» **EXERCISE OBJECTIVE**
Below, find the line containing "Sleeping newborn baby"; from there to the final line, print every line exactly and skip the pictures.

» **GIVEN INFORMATION**
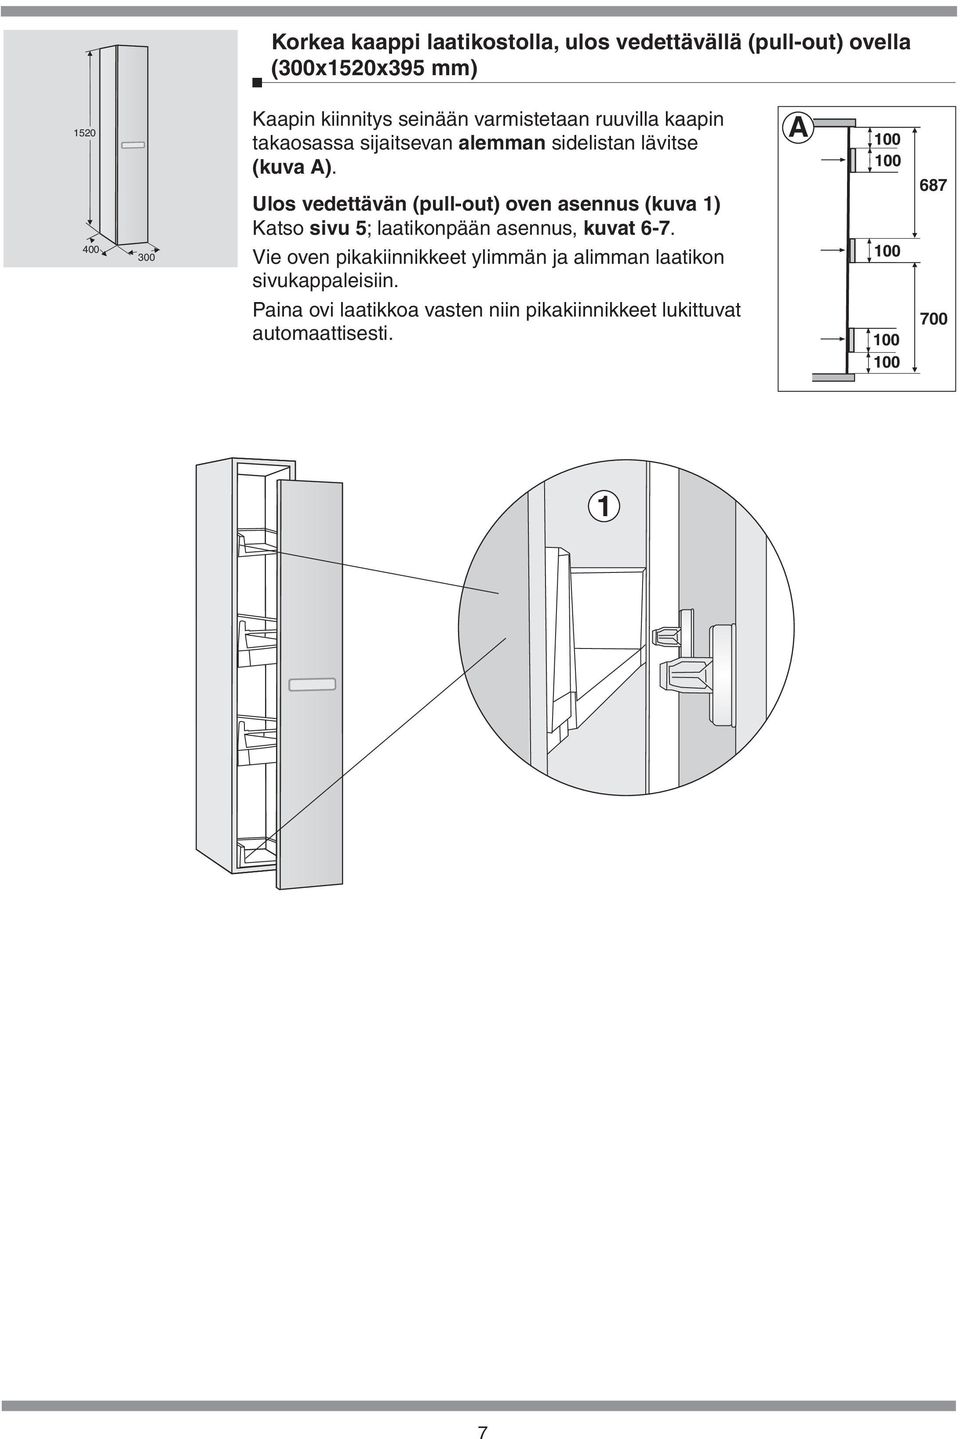 (pull-out) oven asennus (kuva 1) Katso sivu 5; laatikonpään asennus, kuvat 6-7 Vie oven pikakiinnikkeet ylimmän
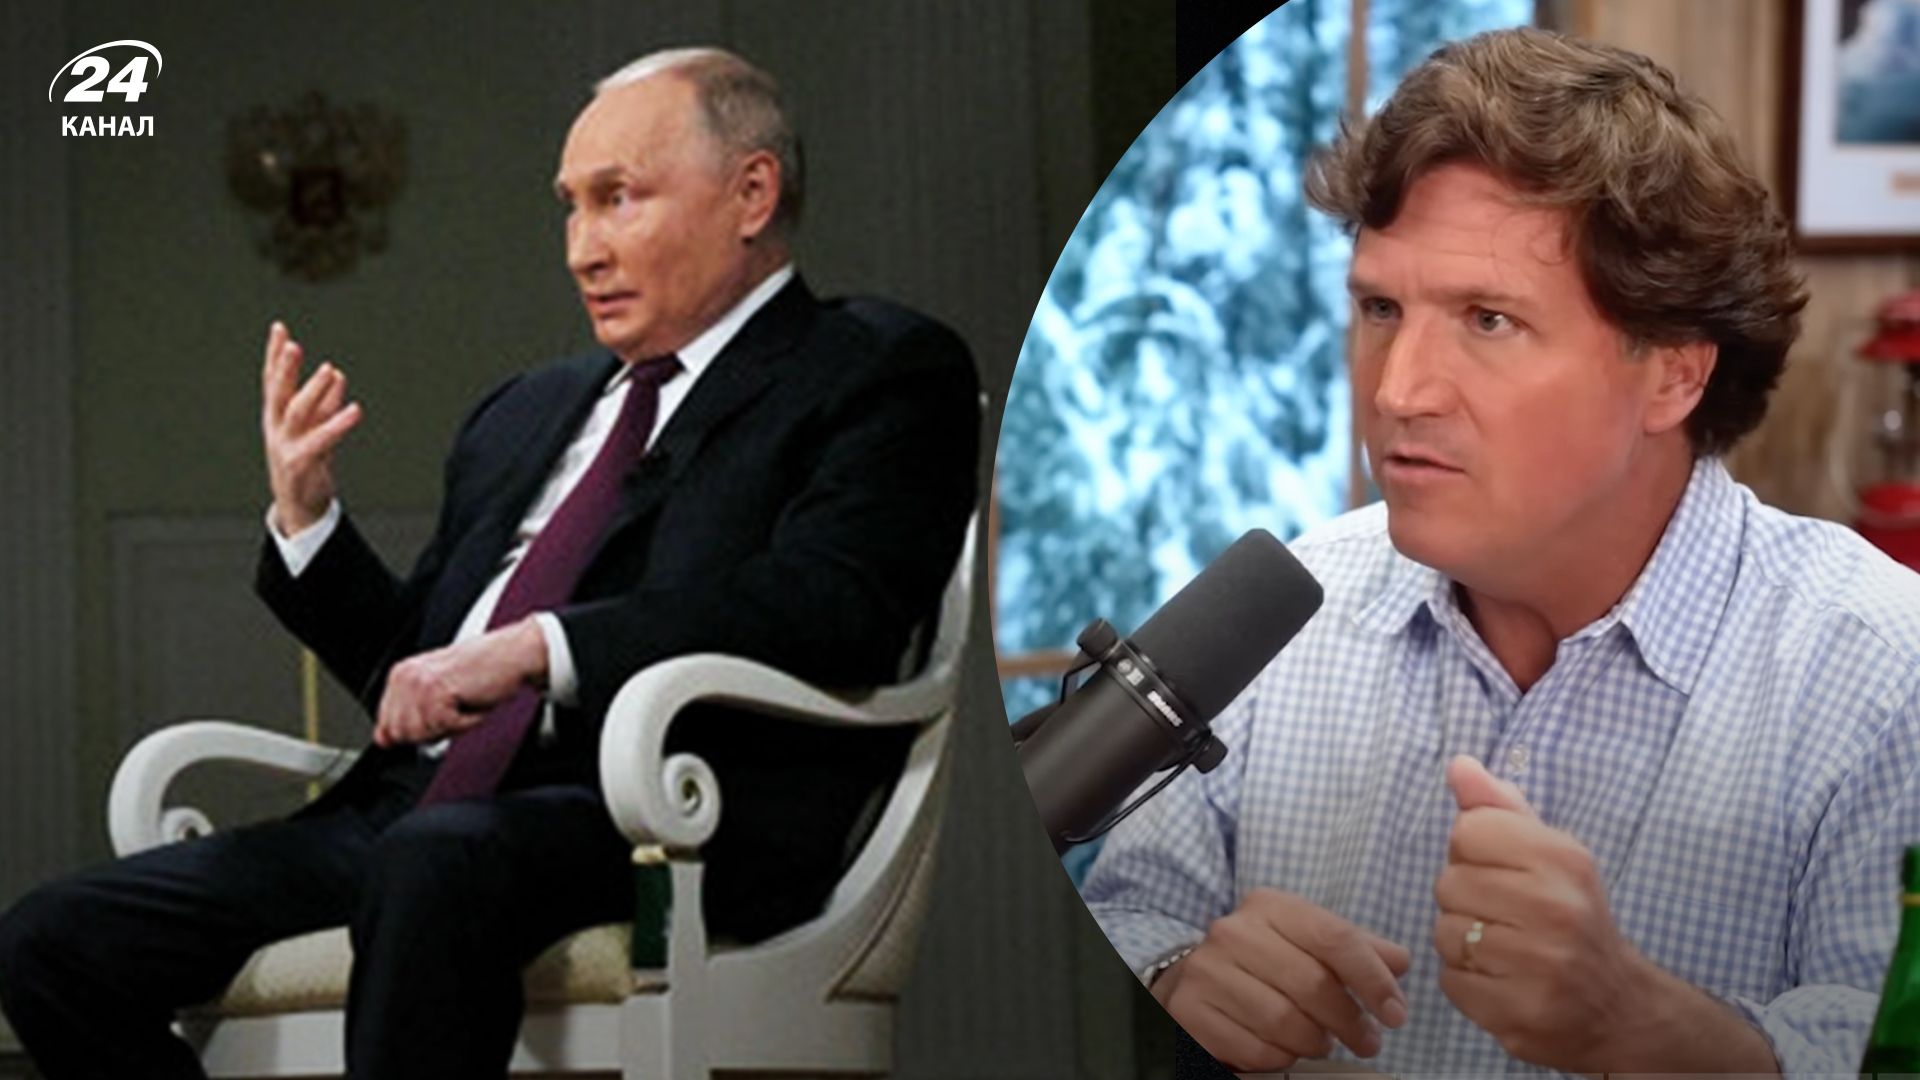 Карлсон раскритиковал Путина за "денацификацию", о которой тот говорил в интервью
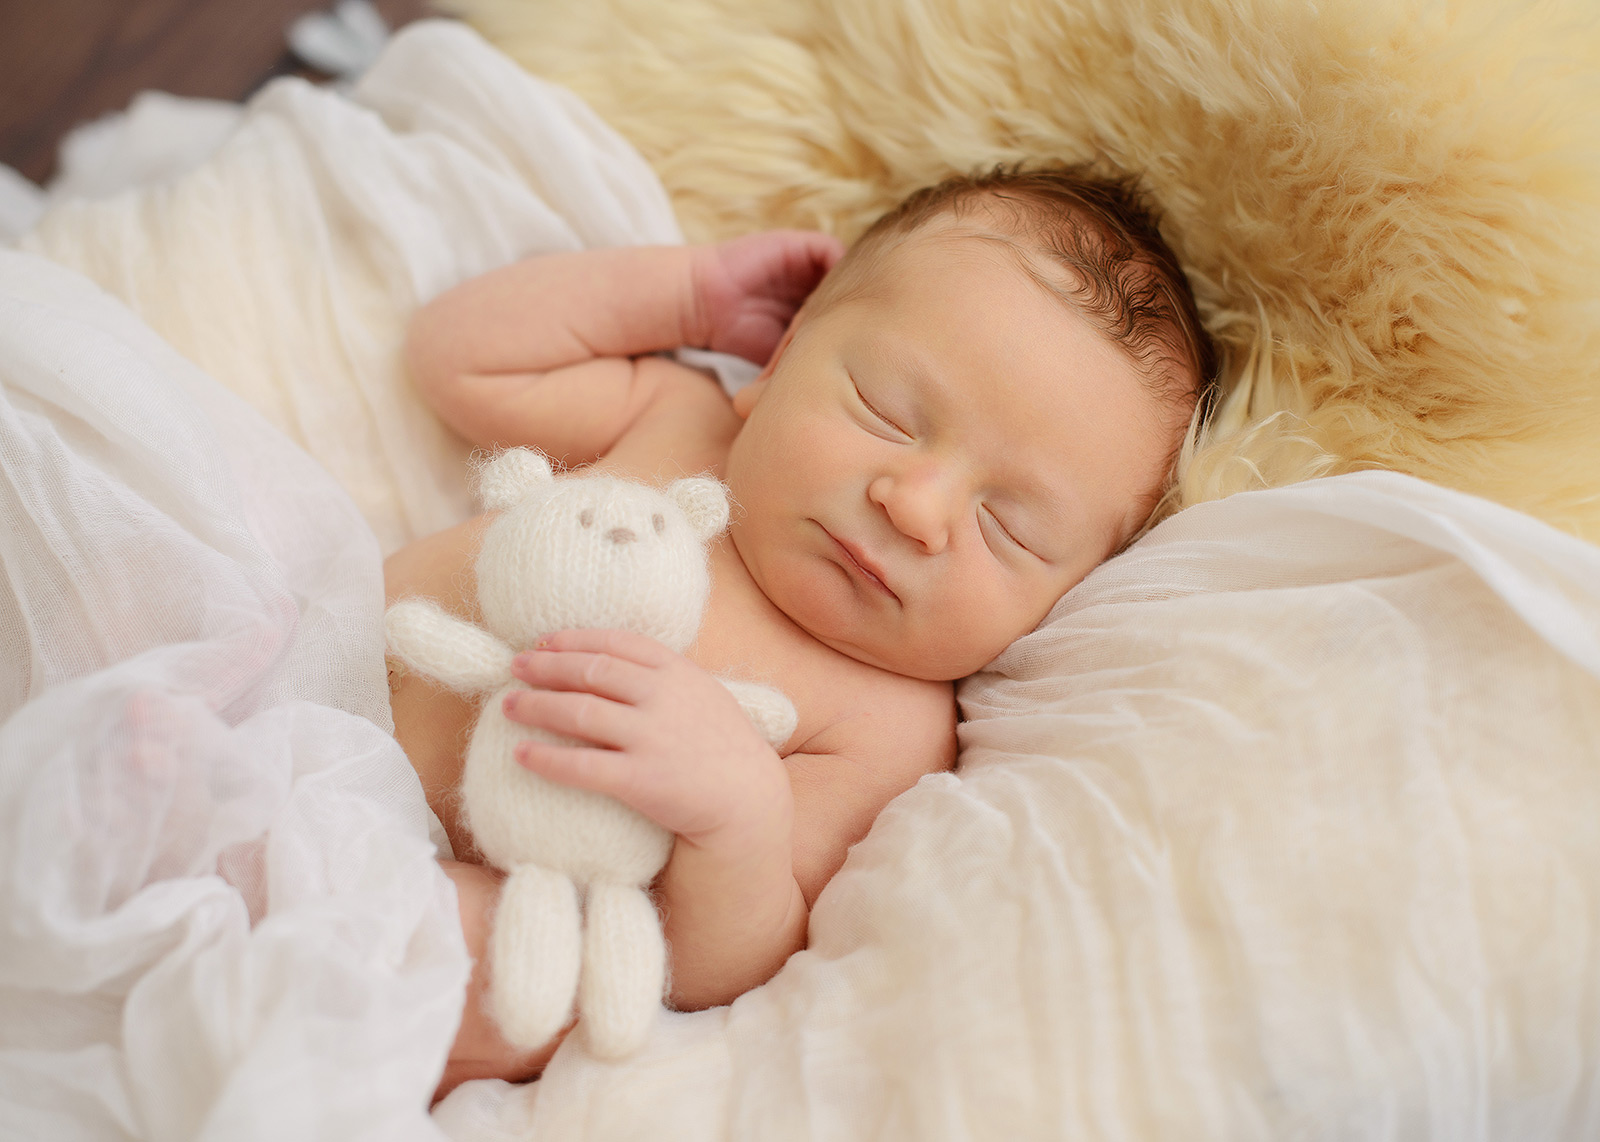 Sleeping newborn baby boy cuddling with stuffed bear toy in our Sacramento studio. 
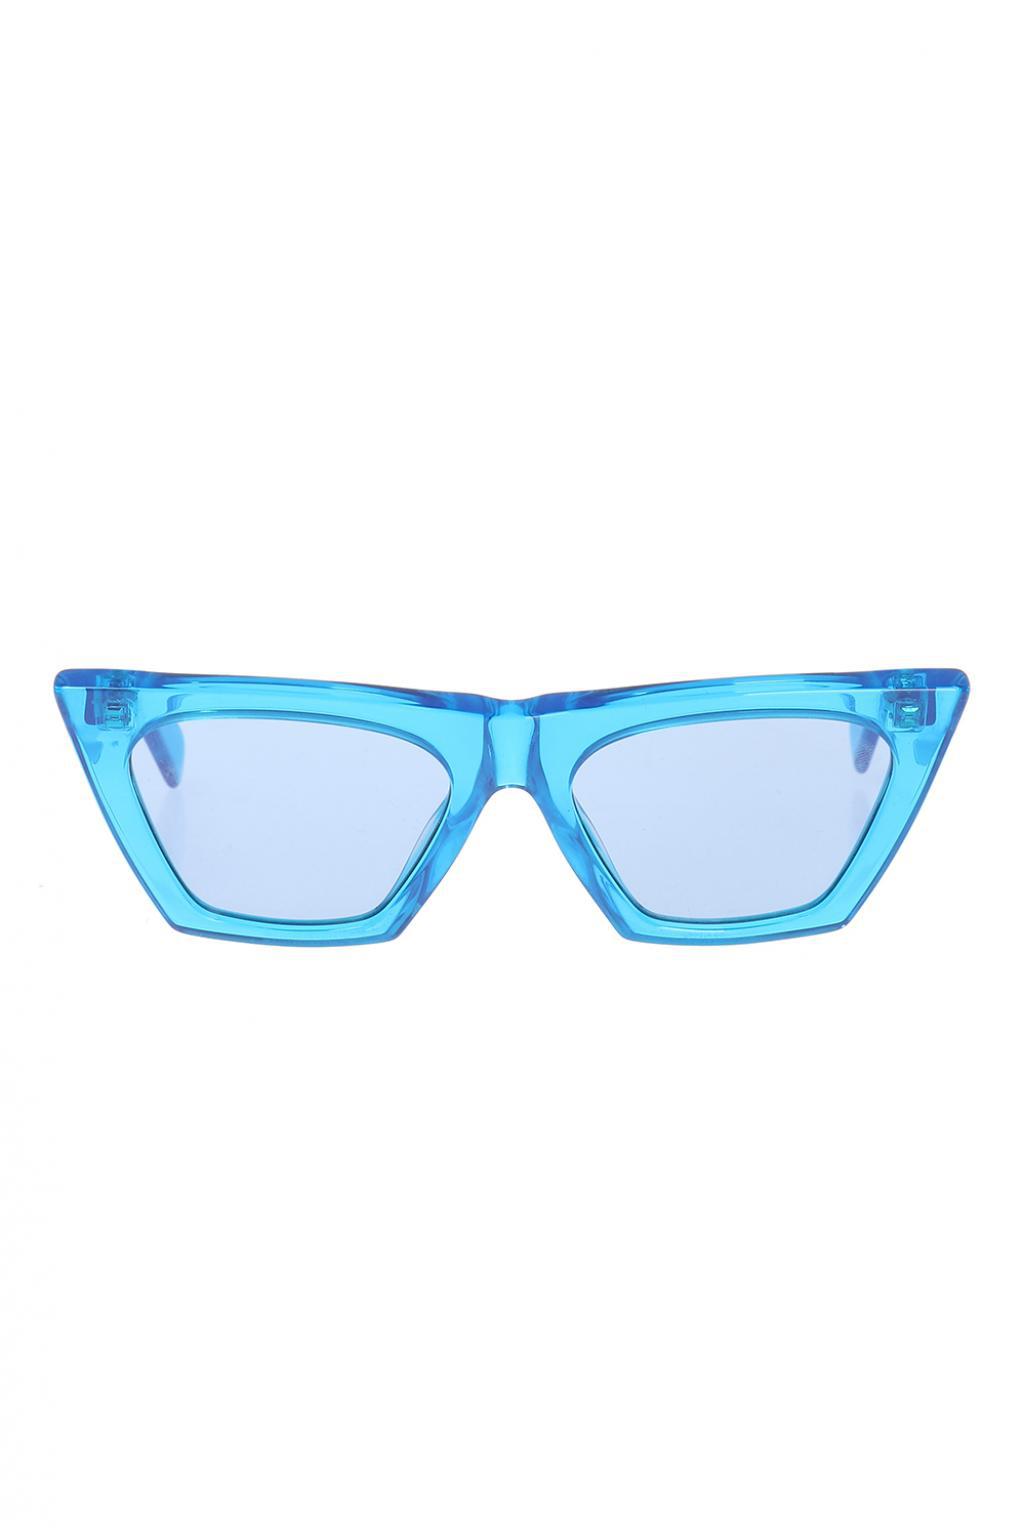 Edge sunglasses Celine Blue in Plastic - 36100436

» **YOUR SOLUTION**
 Sleeping newborn baby boy cuddling with stuffed bear toy in our Sacramento studio. 
 Edge sunglasses Celine Blue in Plastic - 36100436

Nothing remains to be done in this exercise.